▸ **RAW DATA**
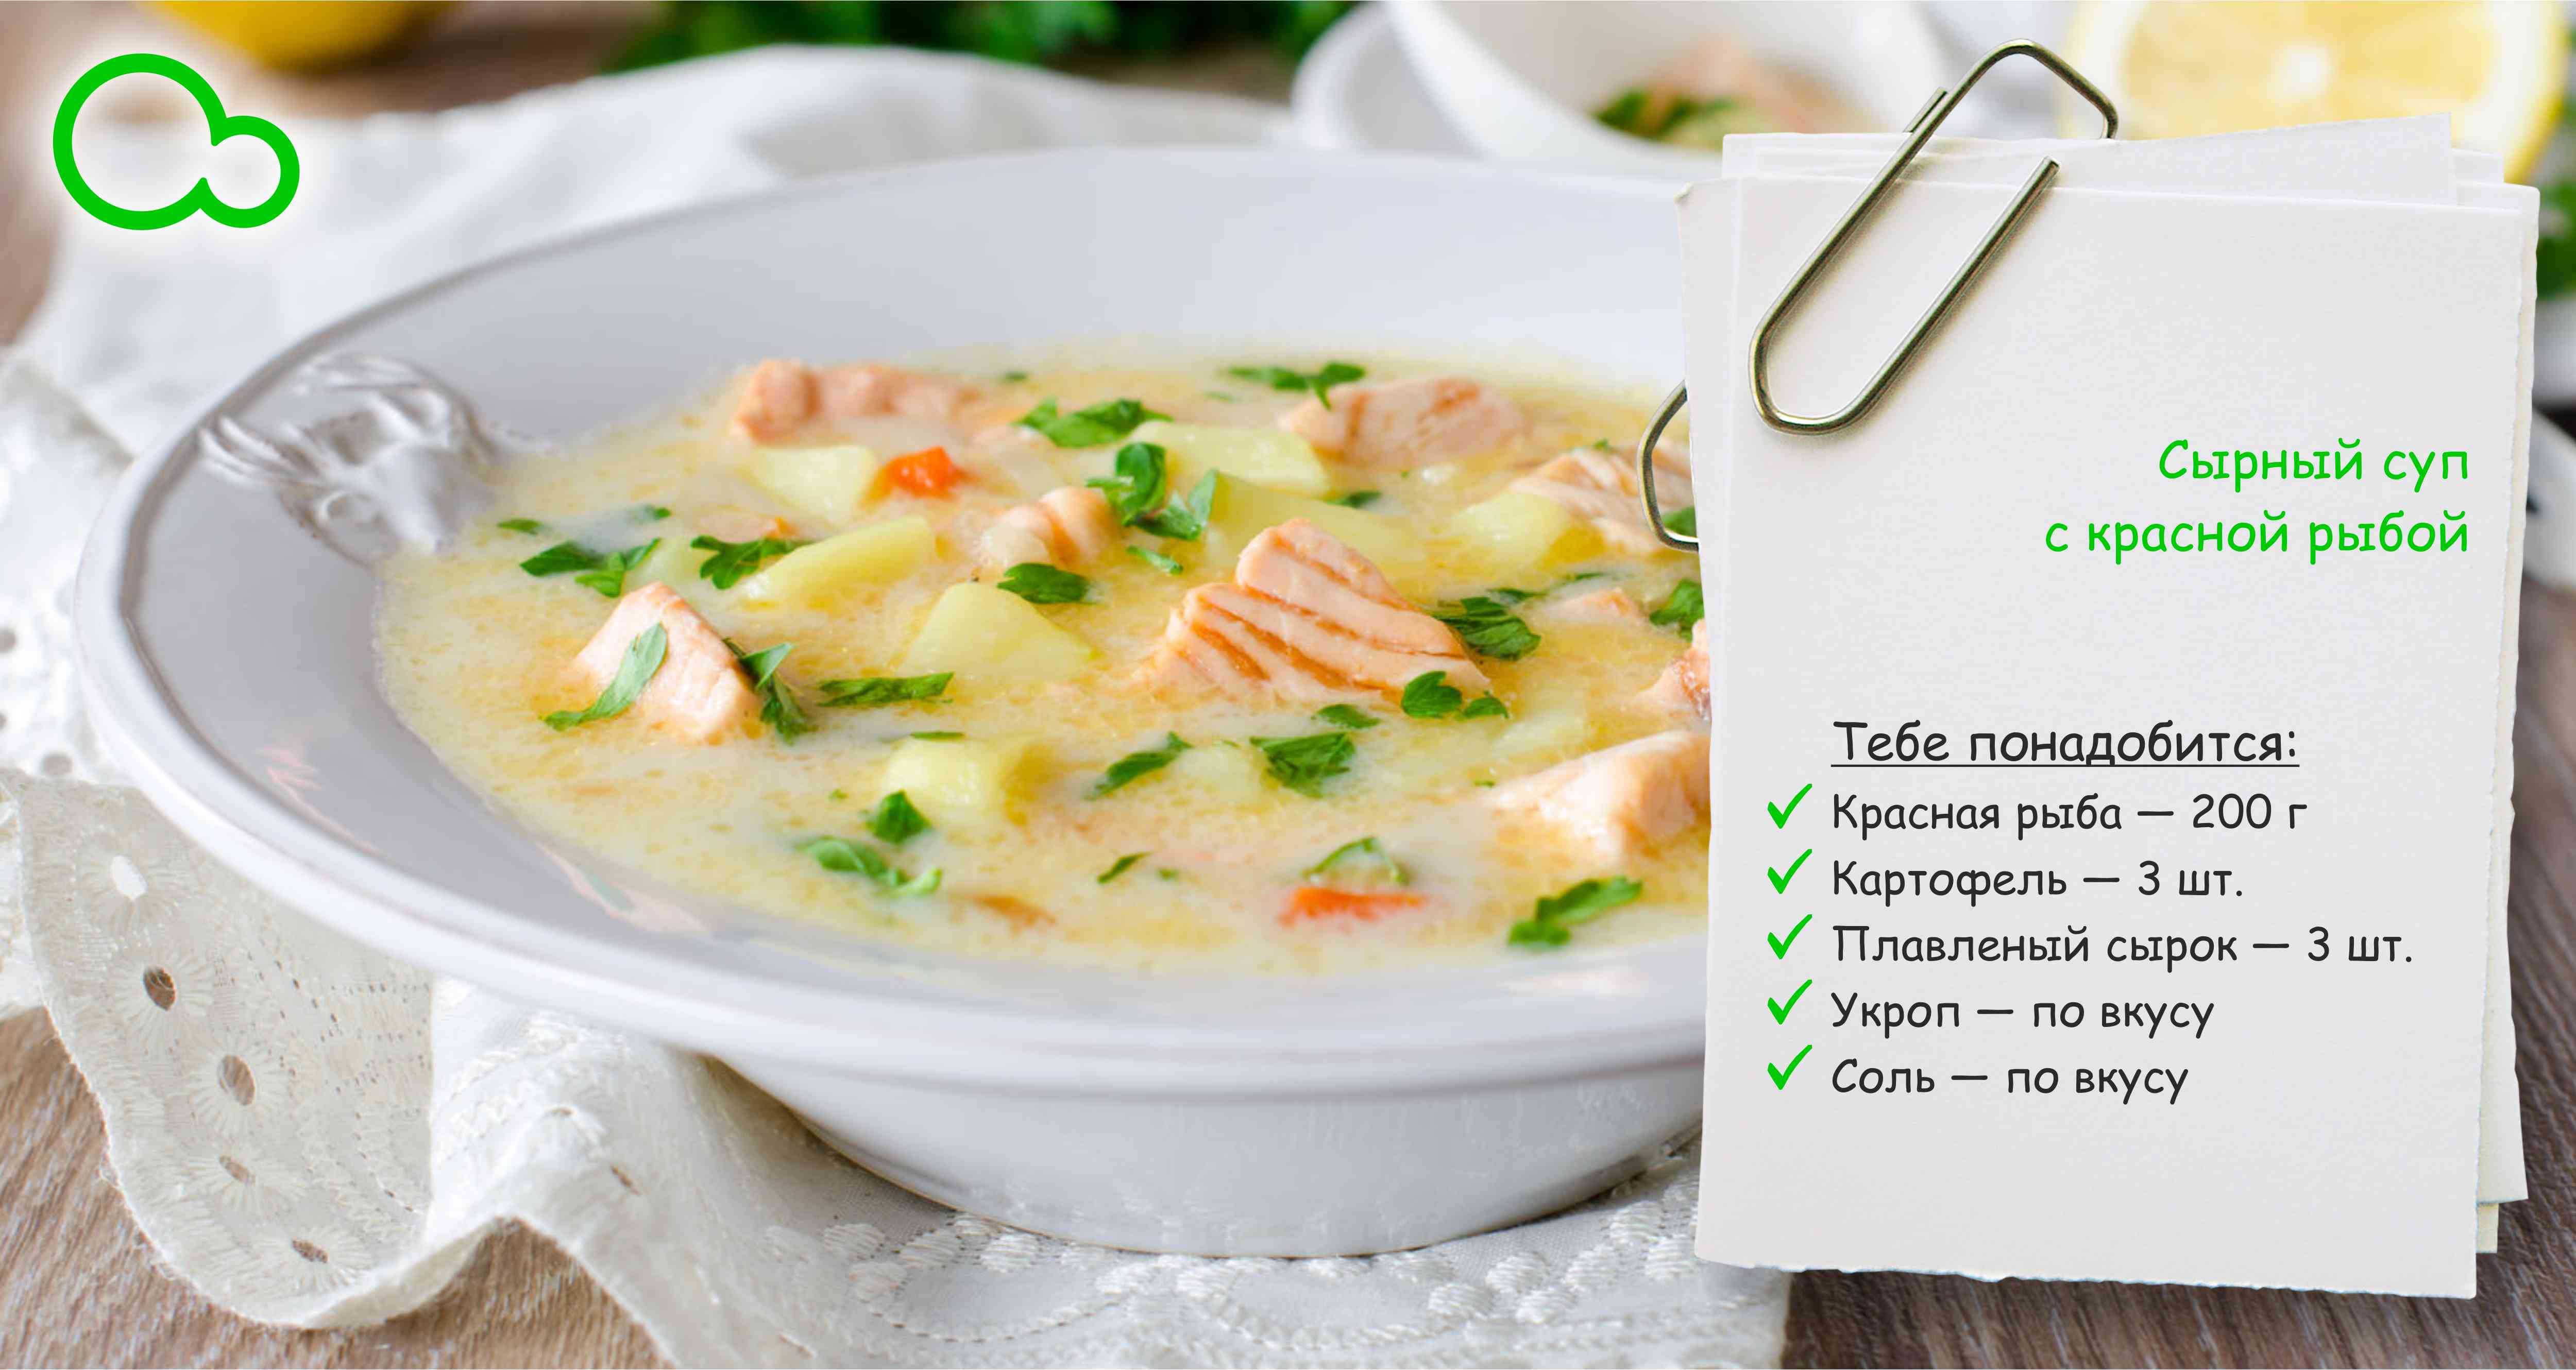 Как похудеть с помощью лукового супа?
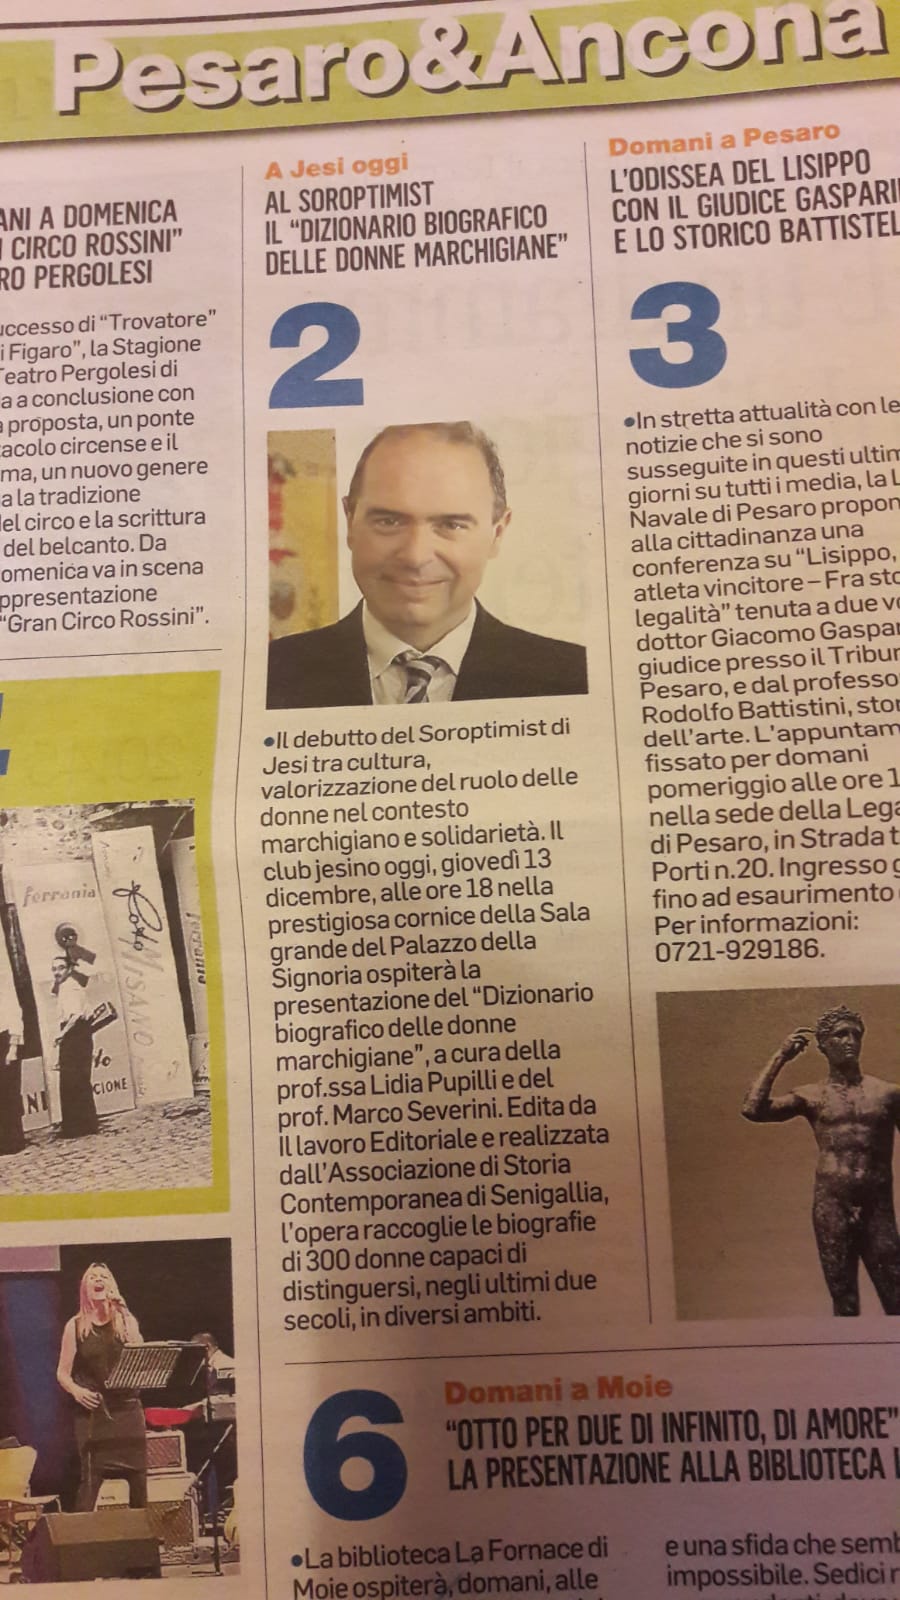 Articolo su Corriere Adriatico
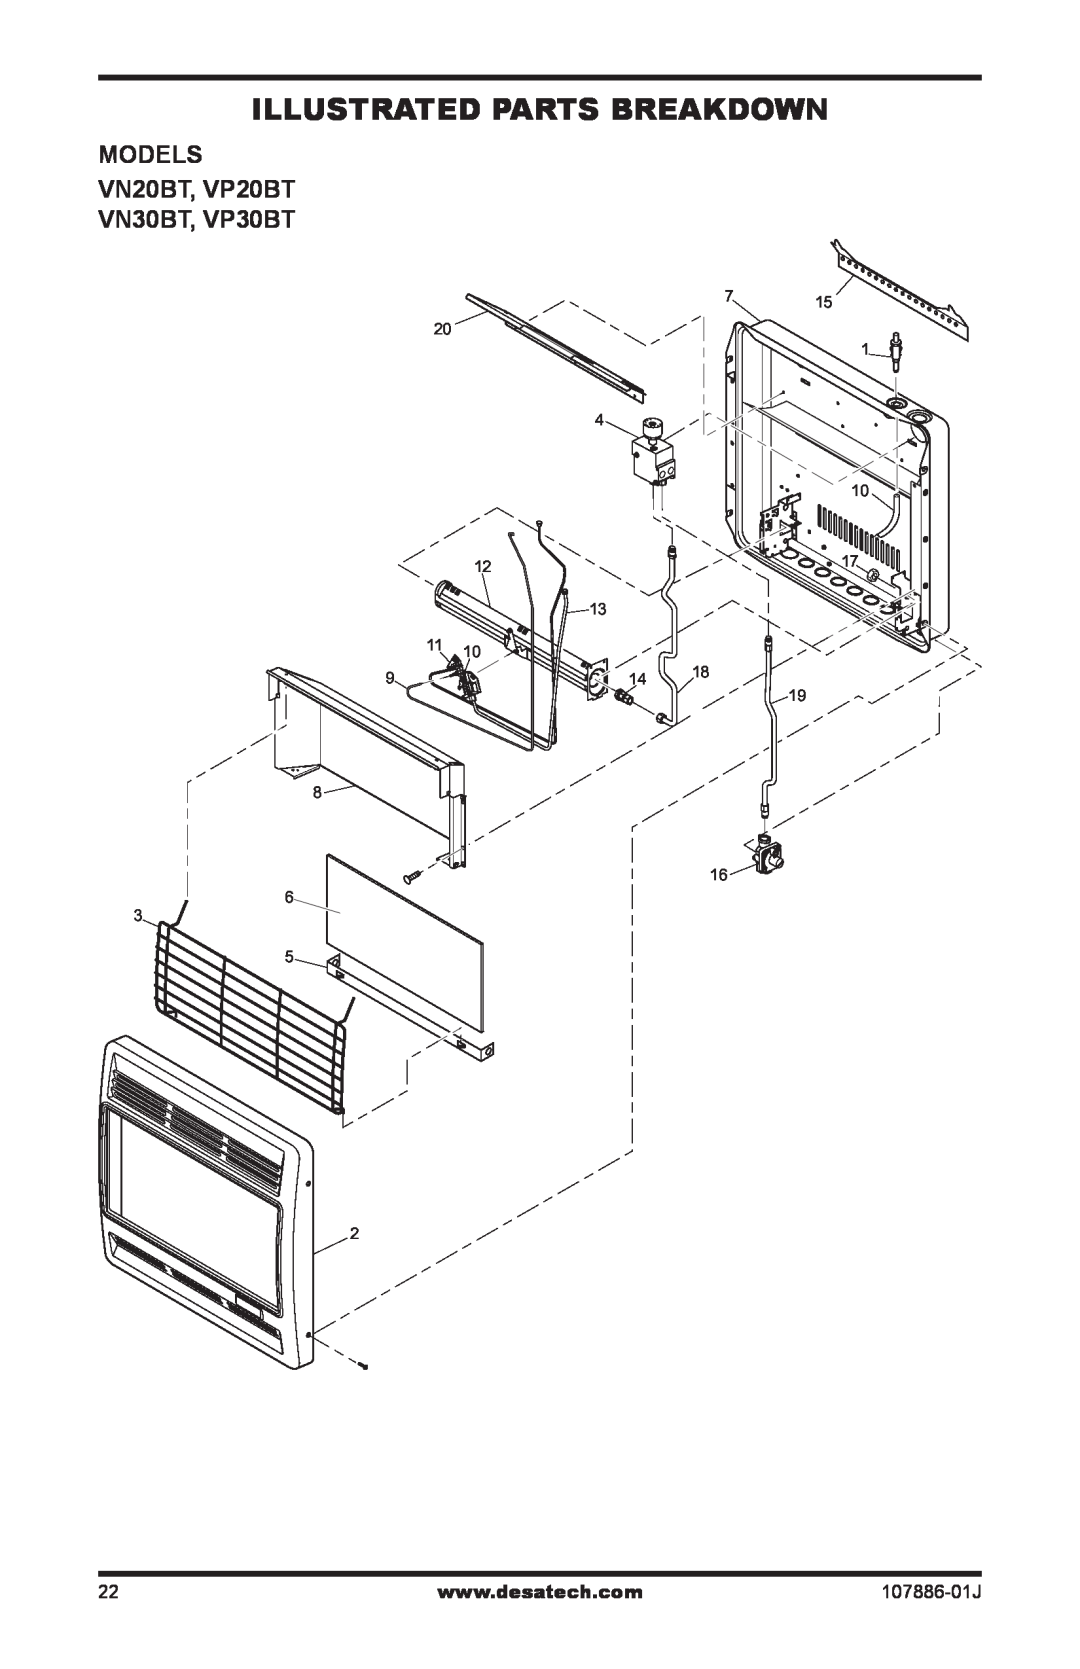 Desa installation manual Illustrated Parts Breakdown, MODELS VN20BT, VP20BT VN30BT, VP30BT, 107886-01J

▸ **REQUIREMENT**
Output each line exactly as shown above; no pictures go in the copy.

▸ **PROBLEM SOLUTION**
 Как похудеть с помощью лукового супа?
 Articolo su Corriere Adriatico
 Desa installation manual Illustrated Parts Breakdown, MODELS VN20BT, VP20BT VN30BT, VP30BT, 107886-01J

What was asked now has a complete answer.